RE: A hypothesis about consciousness
February 12, 2017 at 9:31 pm
(This post was last modified: February 12, 2017 at 9:34 pm by Won2blv.)
(February 12, 2017 at 7:00 pm)emjay Wrote: Fair enough; I recognise that hearing a foreign language doesn't entirely lack meaning... there is still knowledge that it is speech and that it is a language... so it fits within the understanding enough at that level... ie familiar enough to be comfortable with the environment... even if it itself is not understood. The only way, hypothetically, to truly separate qualia from its meaning is with certain forms of deep meditation... allegedly; to see colours but not distinguish separate objects or meaning or to hear sounds as just sounds without any meaning whatsoever.
They way I look at the qualia is this, we have some newer evolutionary advances and we have some that have been there since the beginning. The ones that have been there from the beginning, have been so densely packed into our mind. They're like black holes that have become so efficient at sucking in data and spitting it back out, that you don't even realize that an extremely process just happened in an instant.

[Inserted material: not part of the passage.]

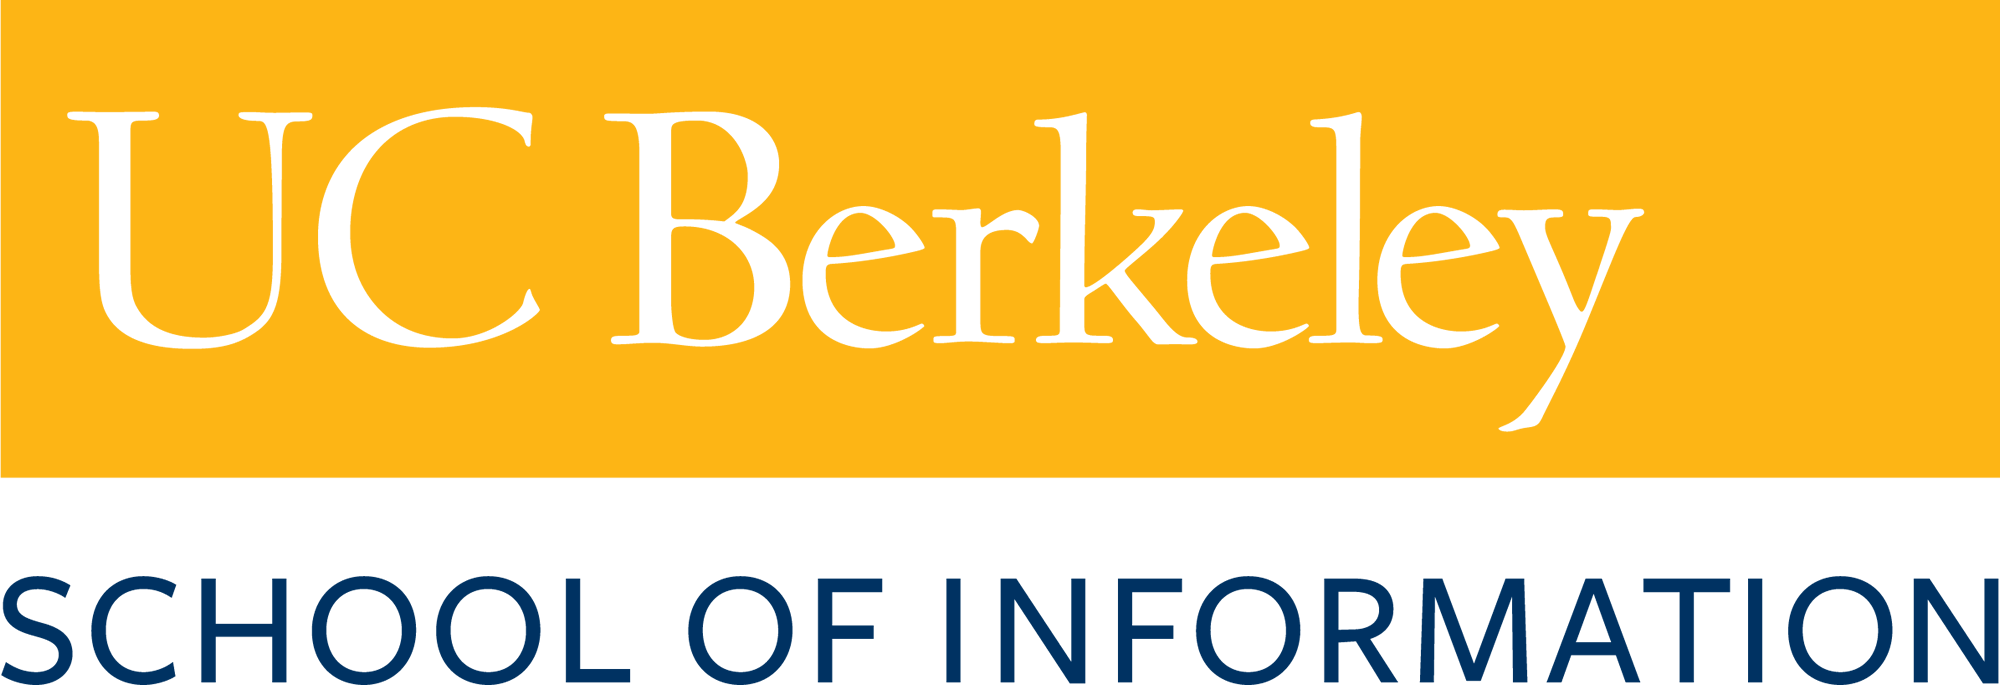 Uc Berkeley Logo Transparent Png Stickpng - vrogue.co

(February 12, 2017 at 7:40 pm)Khemikal Wrote:(February 12, 2017 at 3:32 pm)Won2blv Wrote: You know how when you're trying to learn something but you can't understand it, but then someone uses an illustration and it suddenly makes sense? I think that basically sums up why different cultures threw in arbitrary details, like red. Humans started using more and more symbols to represent the ideas that were becoming more and more cognizant. But while some could understand without the symbols, the majority needed the symbols to make sense, because they have brains that are conditioned to understand the tangible.I think that we're all the "some" in your rebuttal, personally.

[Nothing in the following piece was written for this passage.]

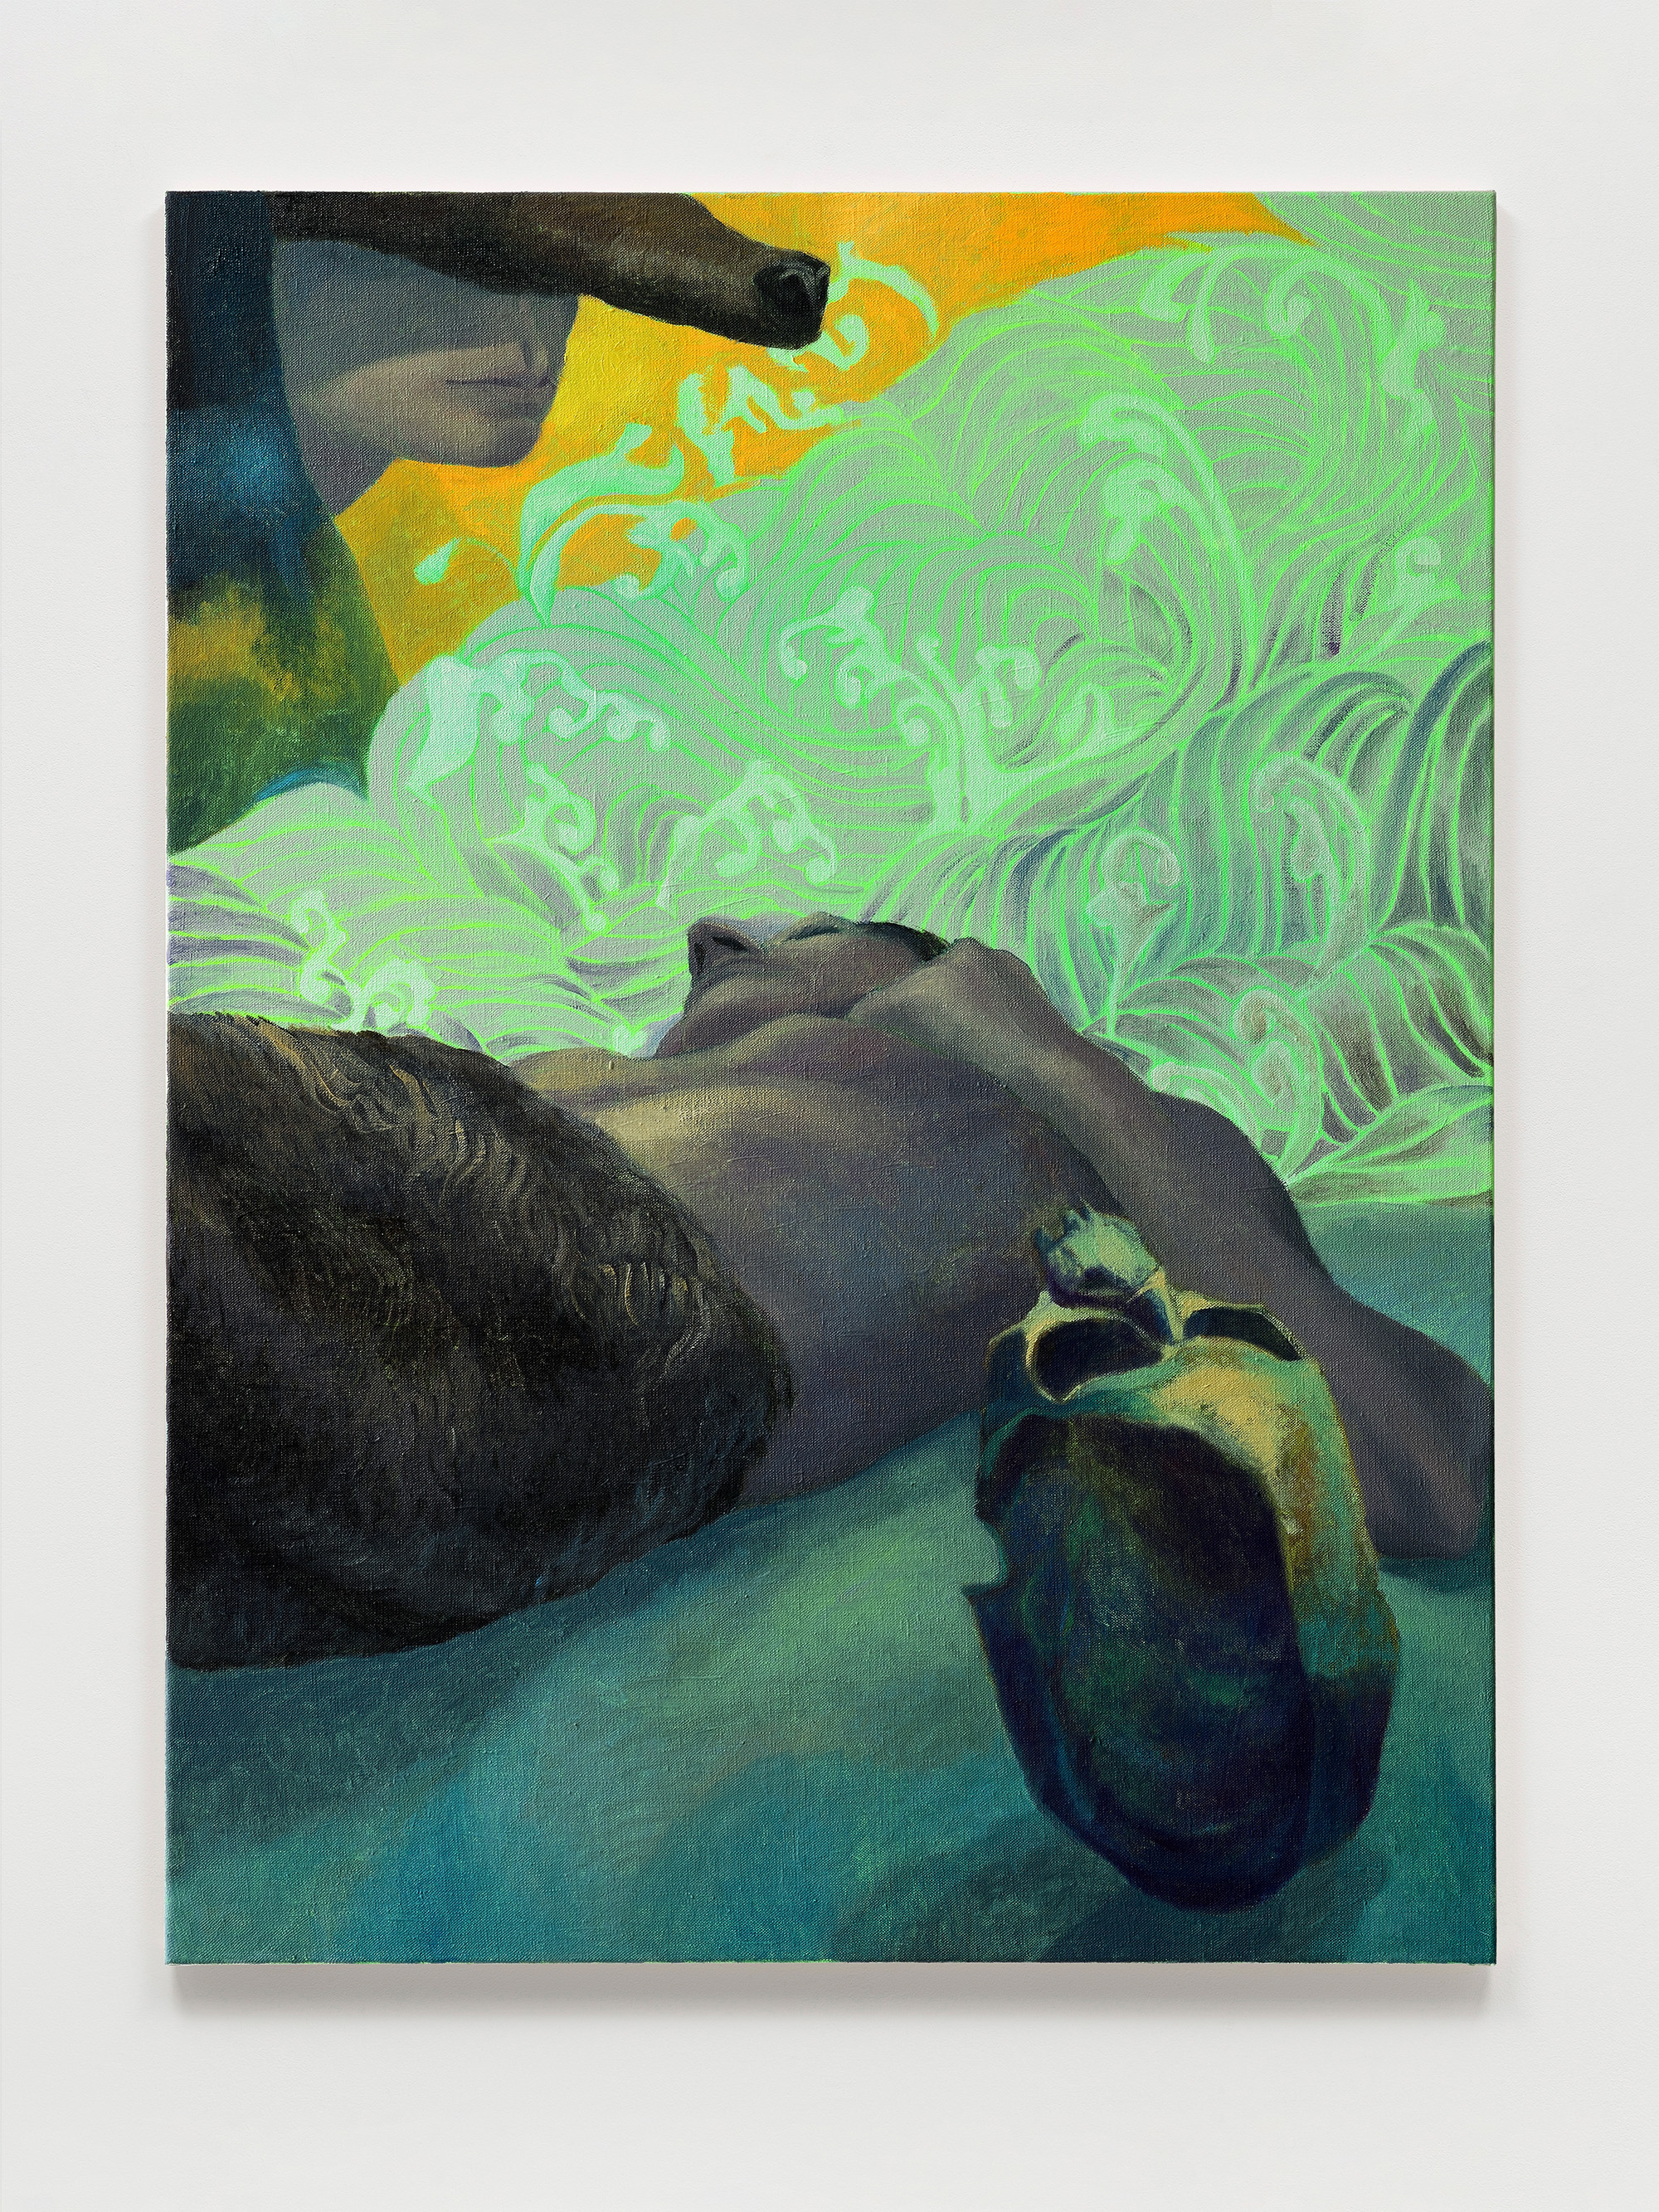 Alessandro Fogo, The Satyr’s dream, 2022, Oil on linen, 80 x 60 cm, 31 1/2 x 23 5/8 in.

Quote:And I would just say to your last point about qualitative vs qualitative. Humans have learned from thousands and thousands of years of discovery, that there is always more to discover. Humans have also learned that discovery, usually, is a benefit. I just don't think the quantitative or qualitative, the advantage is efficiency.I think that you're misunderstanding me. I was suggesting that the difference between "animal" consciousness and human consciousness (and perhaps even machine consciousness) is quantitative, no qualitative. That there is no uniquely human concious -quality-, rather, a preponderence of conscious quantity in human beings that yields a greater range of practical application.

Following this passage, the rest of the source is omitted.